ChatGPT can be made to generate sexualised and violent images, researchers find

Wudi@feddit.uk · 1 month ago

ChatGPT can be made to generate sexualised and violent images, researchers find

frongt@lemmy.zip · 1 month ago

To be fair there are plenty of images like that that aren’t photos of victims. I’m sure the training data contains plenty of images of consensual bondage play, movies and other fiction, and drawings.

Australis13@fedia.io · 1 month ago

Probably, it’s more the fact that it takes so little for ChatGPT to tip over the edge and produce the worst of humanity.

tias@discuss.tchncs.de · 1 month ago

The “no restrictions” part is a very strong signal. Any prompt to an image model is basically a coordinate in its latent space, and “no restrictions” will point straight at the darker areas.

Australis13@fedia.io · 1 month ago

I agree that that’s the likely trigger - which makes me wonder why instructions to ignore censors or have “no restrictions” aren’t immediately blocked by a filter prior to passing the prompt to the image generation.
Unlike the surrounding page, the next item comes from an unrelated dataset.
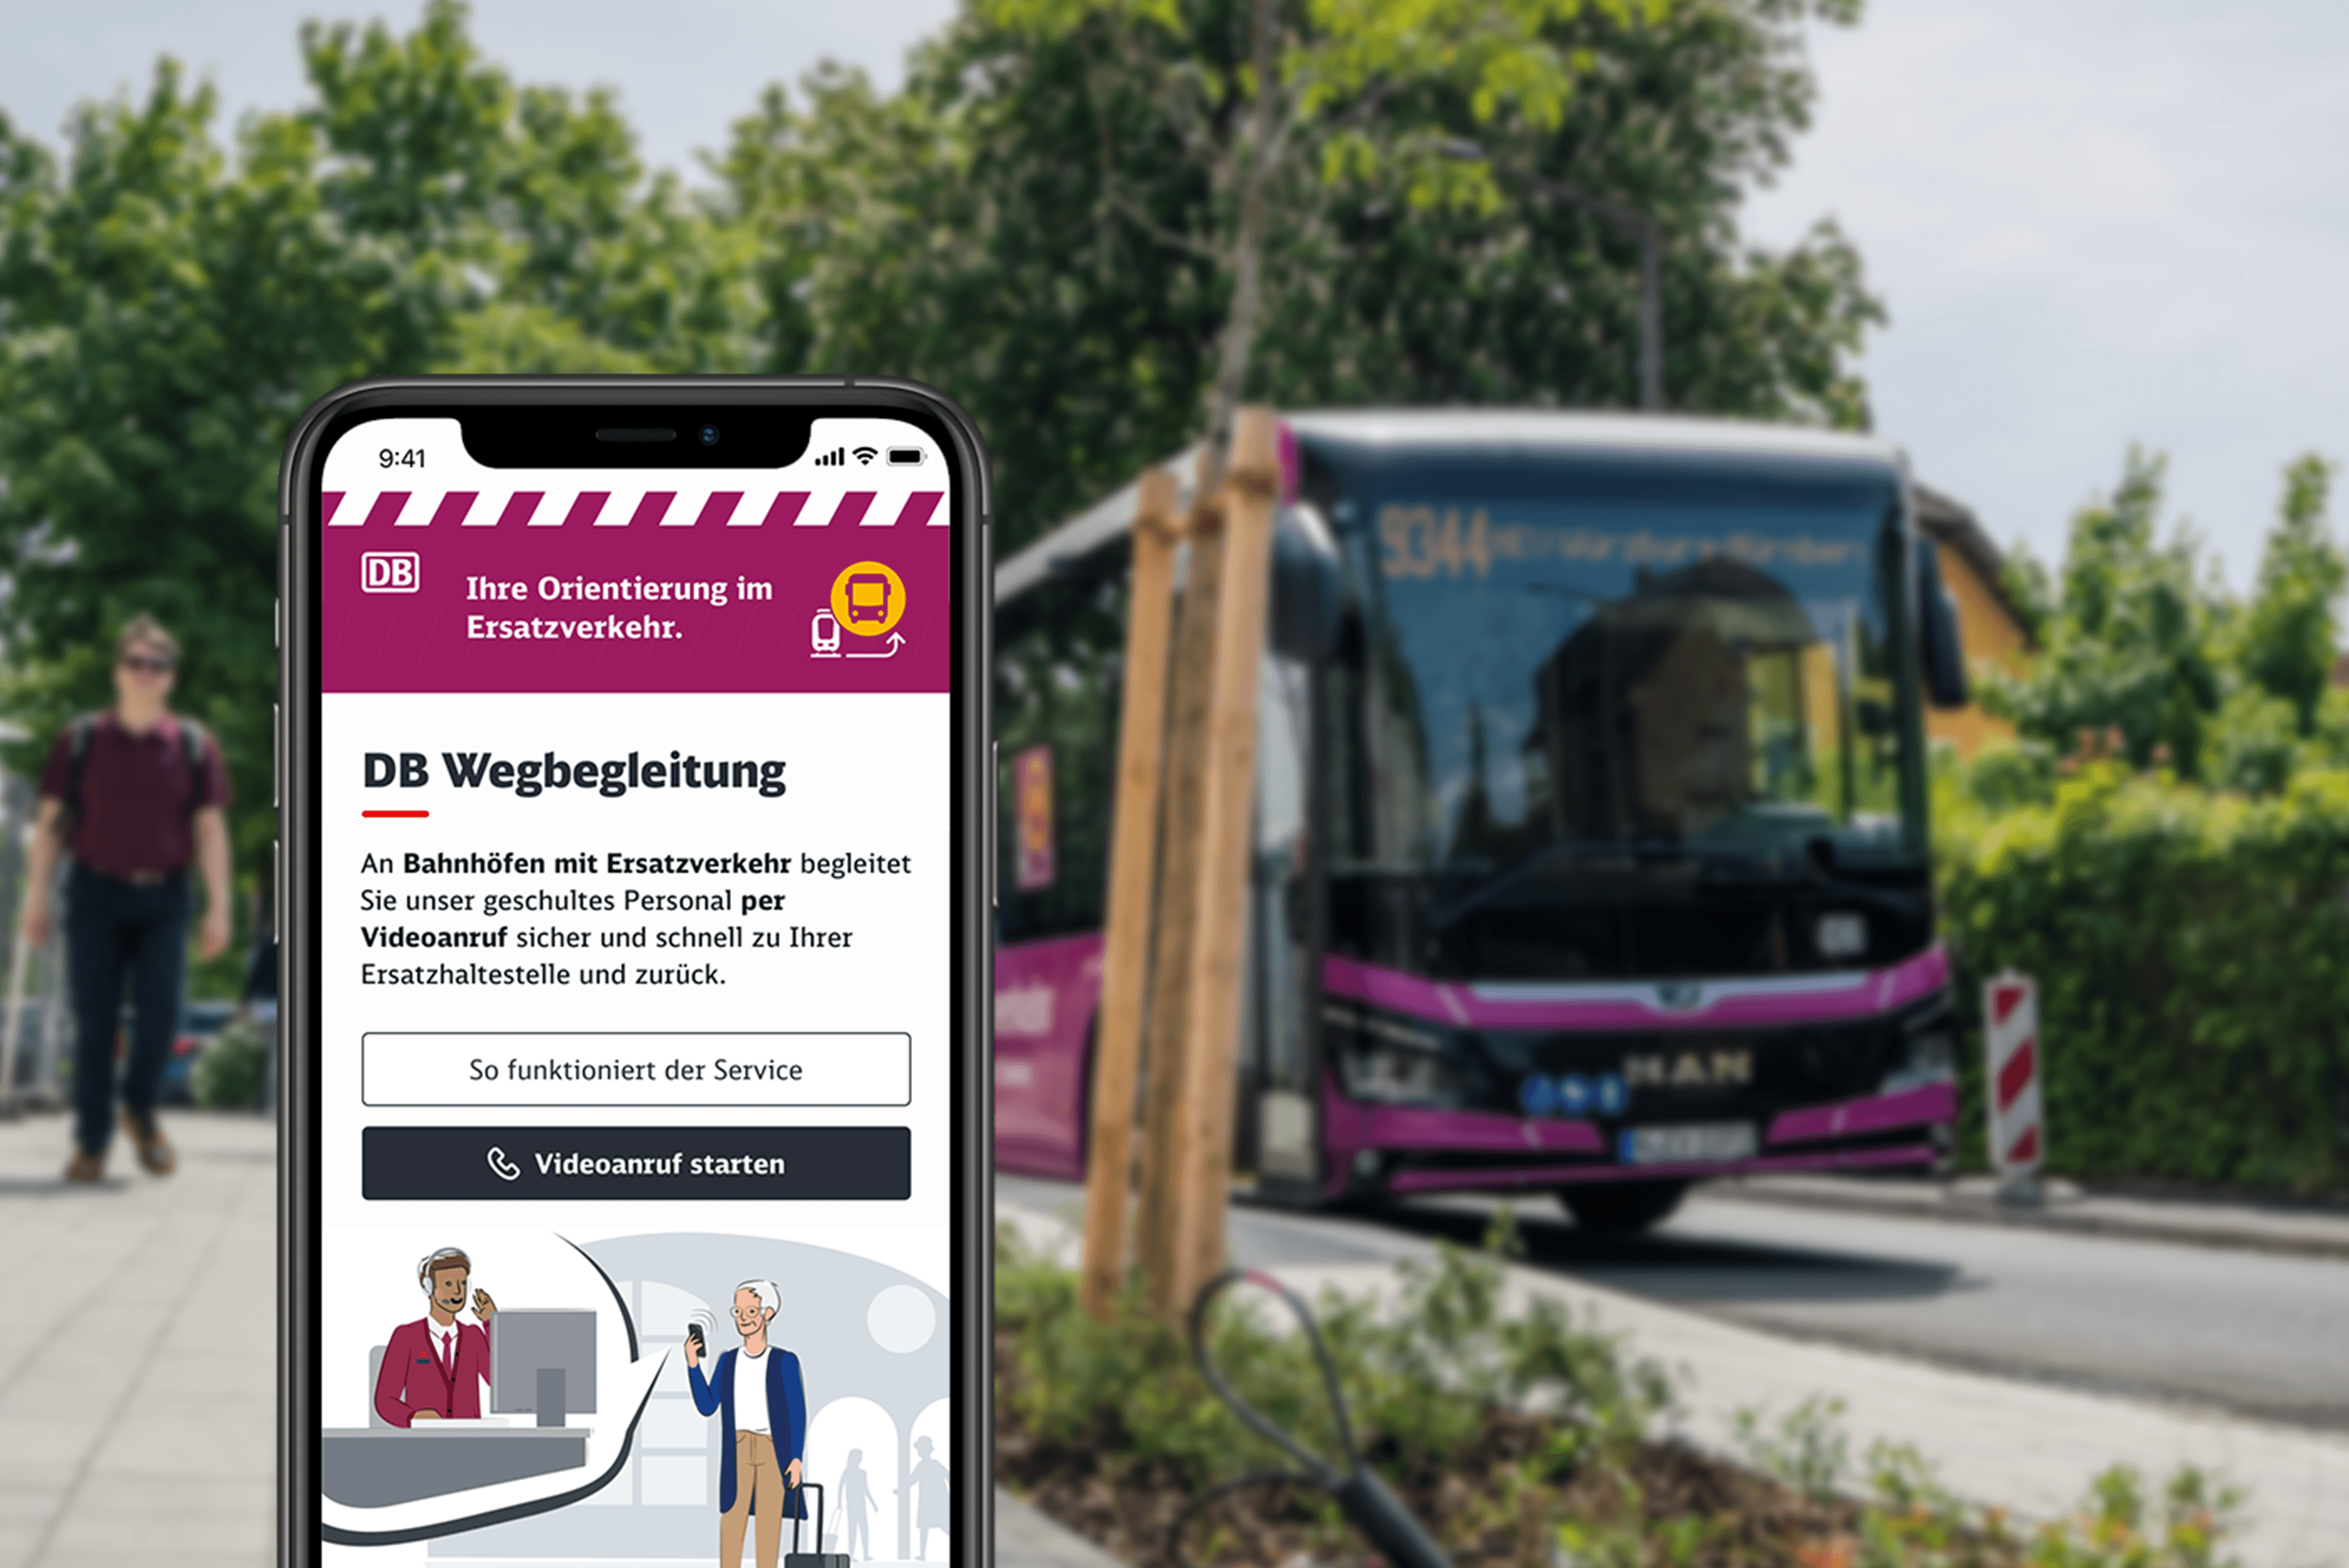 Ein Smartphone mit dem geöffneten Startbildschirm der DB Wegbegleitung vor einem Bus des Ersatzverkehrs.

I’d have thought this was a foreseeable exploit.

PoopingCough@lemmy.world · 1 month ago

You just can’t filter out the nearly infinite combinations of rewording “ignore all previous instructions”. Filtering is never going to be a worthwhile security measure for LLMs

Australis13@fedia.io · 1 month ago

I agree completely. But as a first step (especially since they do seem to have a keyword filter in place), “no restrictions” (or “no censorship” as the case is for the last image) seems like a very obvious phrase to include.

ExcessShiv@lemmy.dbzer0.com · 1 month ago

deleted by creator

Australis13@fedia.io · 1 month ago

I’m referring to the last image that they produced combining the two methods – a graphically mutilated corpse.

ExcessShiv@lemmy.dbzer0.com · 1 month ago

I didn’t see the images themselves before…Yikes, yeah that’s dark

JohnEdwa@sopuli.xyz · 1 month ago

Also combining multiple things is kinda the entire point of an AI image generator, how many videos of gymnasts made out of pasta you think there were in the training data?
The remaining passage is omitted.